Determining the Location of a 220 KV Overhead Line Fault Using the Wave (Traveling Wave) Method

Abstract

This thesis presents a procedure for the accurate computation of 220 kV overhead transmission line fault location using the traveling wave (TW) method of fault location. Compared to traditional impedance-based methods with high sensitivity to fault resistance, load flow, and system parameters, the traveling wave method is highly accurate based on the physical electromagnetic transients propagation time.

The traveling wave technique depends on the observation of the high-frequency voltage and current transients created during fault, traveling along the line nearly at light speed. The accurate location of a fault can be computed by measuring the time-of-arrival of the first wavefronts at the line terminals. Essential to such precise high accuracy is sub-microsecond resolution offered by cutting-edge GPS time synchronization and MHz-range high-frequency data sampling that avoid the limitations of earlier TW systems.

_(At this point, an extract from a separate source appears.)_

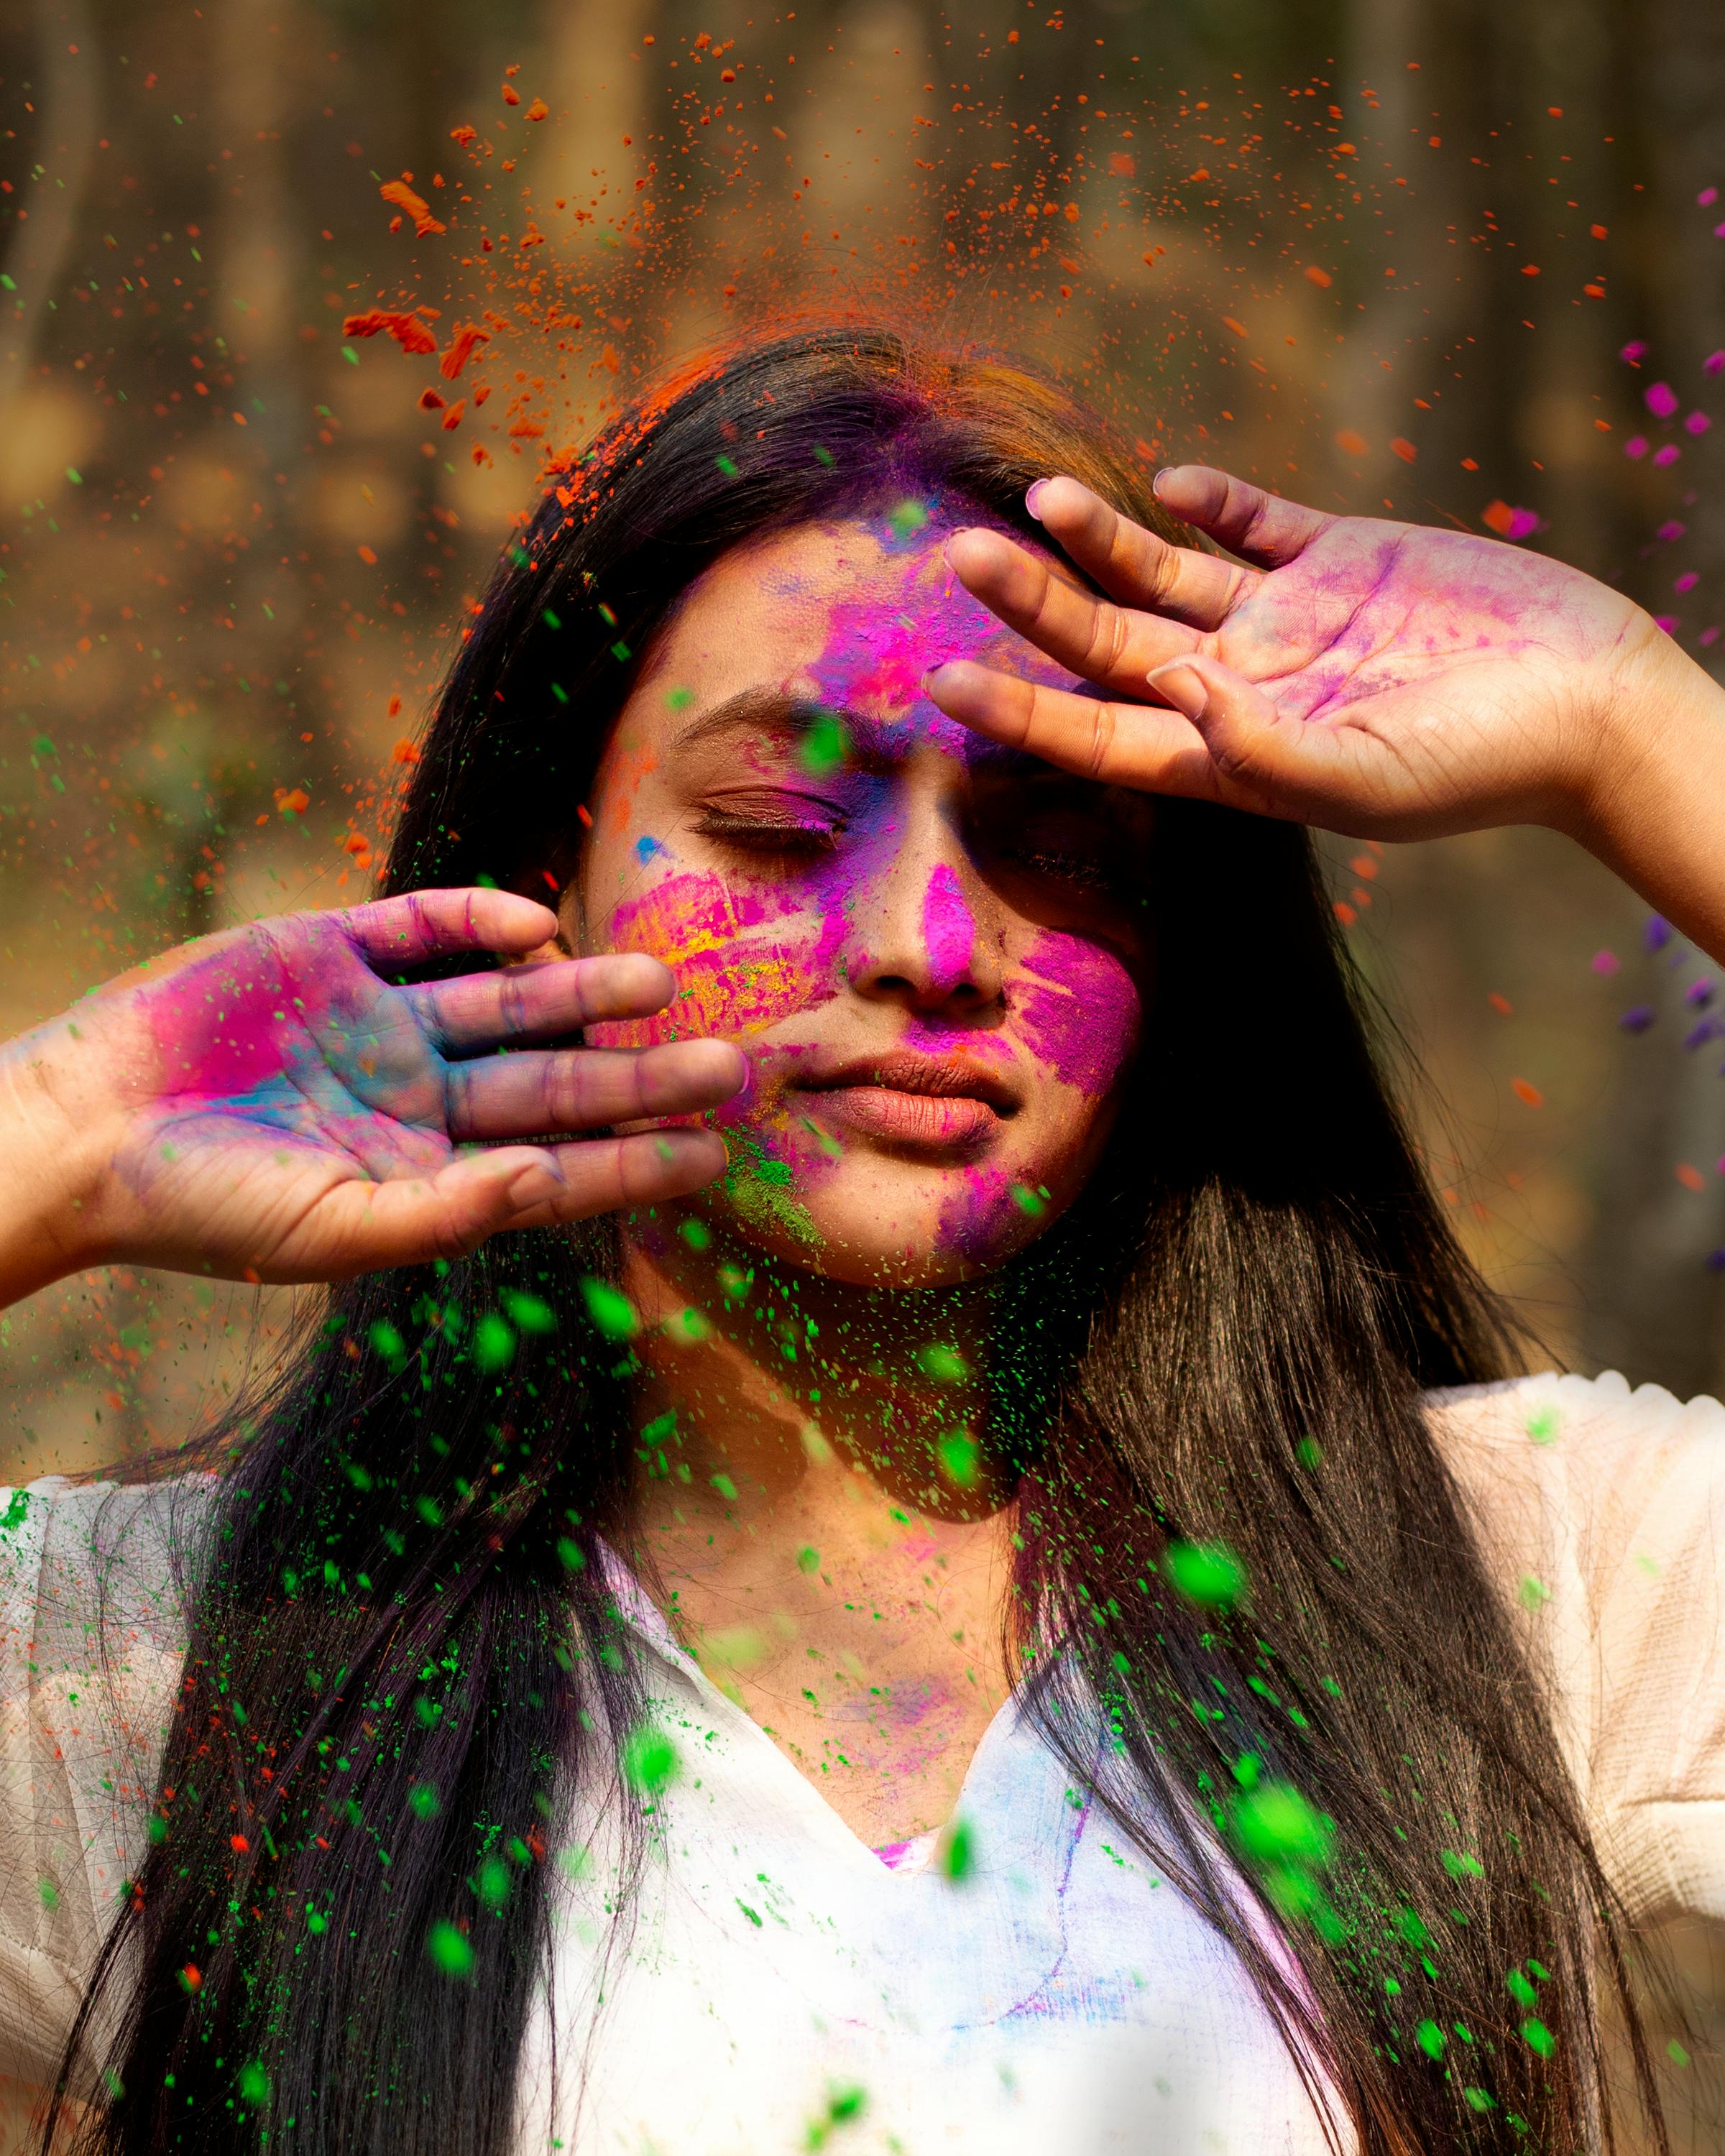 Woman Splashing Hair With Holi Powder High-Res Stock Photo - Getty Images

The research makes use of the two-ended fault location technique, which sets the first wave front arrival times at both local (tL) and remote (tR) line ends.

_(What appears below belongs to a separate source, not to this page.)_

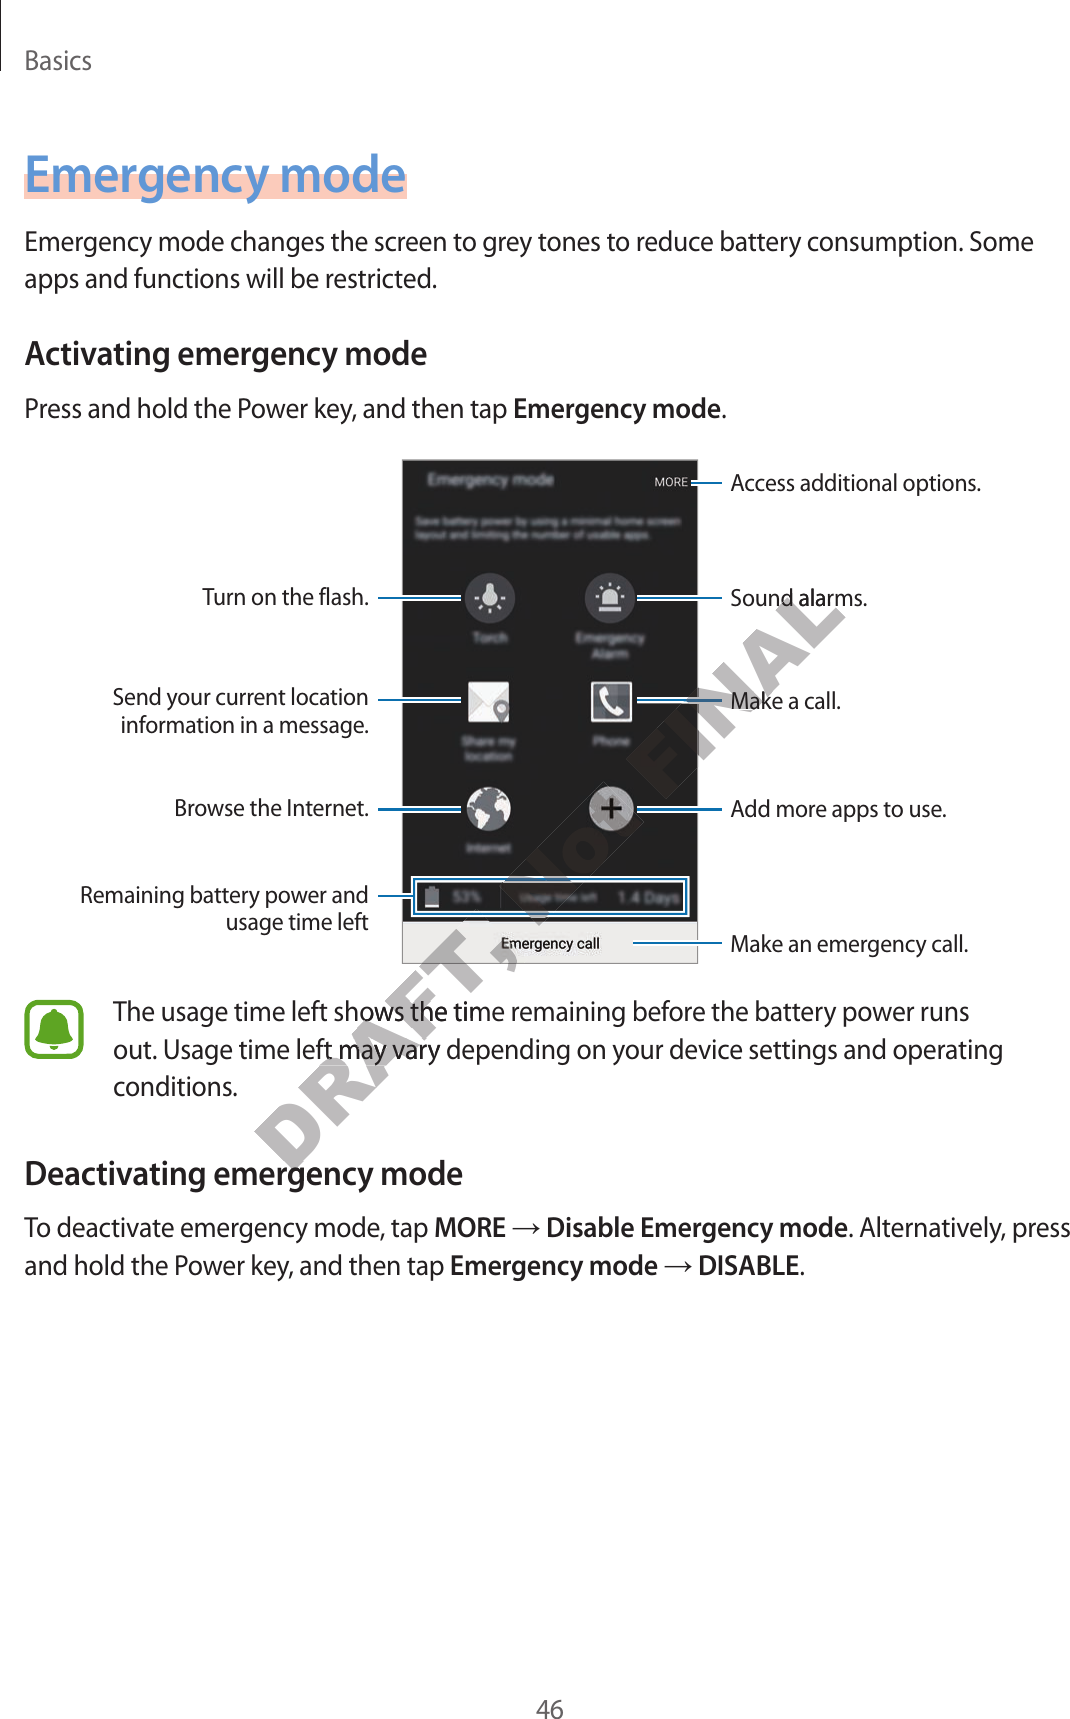 Basics46Emergency modeEmergency mode changes the screen to gr ey t ones to r educ e batt ery consumption. Some apps and functions will be restricted .Activating emer gency modePr ess and hold the Pow er key, and then tap Emergency mode.Add mor e apps to use .Make an emergency call.Remaining battery power and usage time leftTurn on the flash.Make a call.Send your current location information in a message .Brow se the Internet.Acc ess additional options .Sound alarms.The usage time left shows the time r emaining bef or e the batt ery power runs out. Usage time left may vary depending on your device settings and operating conditions.Deactiva ting emer gency modeTo deactivate emergency mode, tap MORE → Disable Emergency mode. Alternativ ely, pr ess and hold the P o w er key, and then tap Emergency mode → DISABLE.DRAFT, DRAFT, DRAFT, DRAFT, DRAFT, DRAFT, DRAFT, The usage time left shows the time r emaining bef or e the batt ery power runs DRAFT, The usage time left shows the time r emaining bef or e the batt ery power runs out. Usage time left may vary depending on your device settings and operating DRAFT, out. Usage time left may vary depending on your device settings and operating Deactiva ting emer gency modeDRAFT, Deactiva ting emer gency modeNot Not Not FINALFINALFINALFINALFINALMake a call.FINALMake a call.Sound alarms.FINALSound alarms.

The core of the research is the Simulink model developed in MATLAB to simulate 220 kV transmission line using the distributed parameter model.

This model has a specific Traveling Wave Fault Locator (TWFL) subsystem for calculating propagation velocity from line inductance and capacitance and end fault distance. This simulation confirms the high accuracy of the principle, where it is able to identify faults with a precision of several hundred meters and contribute towards quicker restoration of systems and lower outage duration. The work acknowledges significant challenges, including expense and complexity of the high-speed data acquisition equipment required, and possibility of signal noise and wave reflection leading to inaccuracy. Future research directions, like combining machine learning with hybrid TW-impedance schemes, are mentioned as one possible means of further enhancing this significant power system protection technology's reliability and application.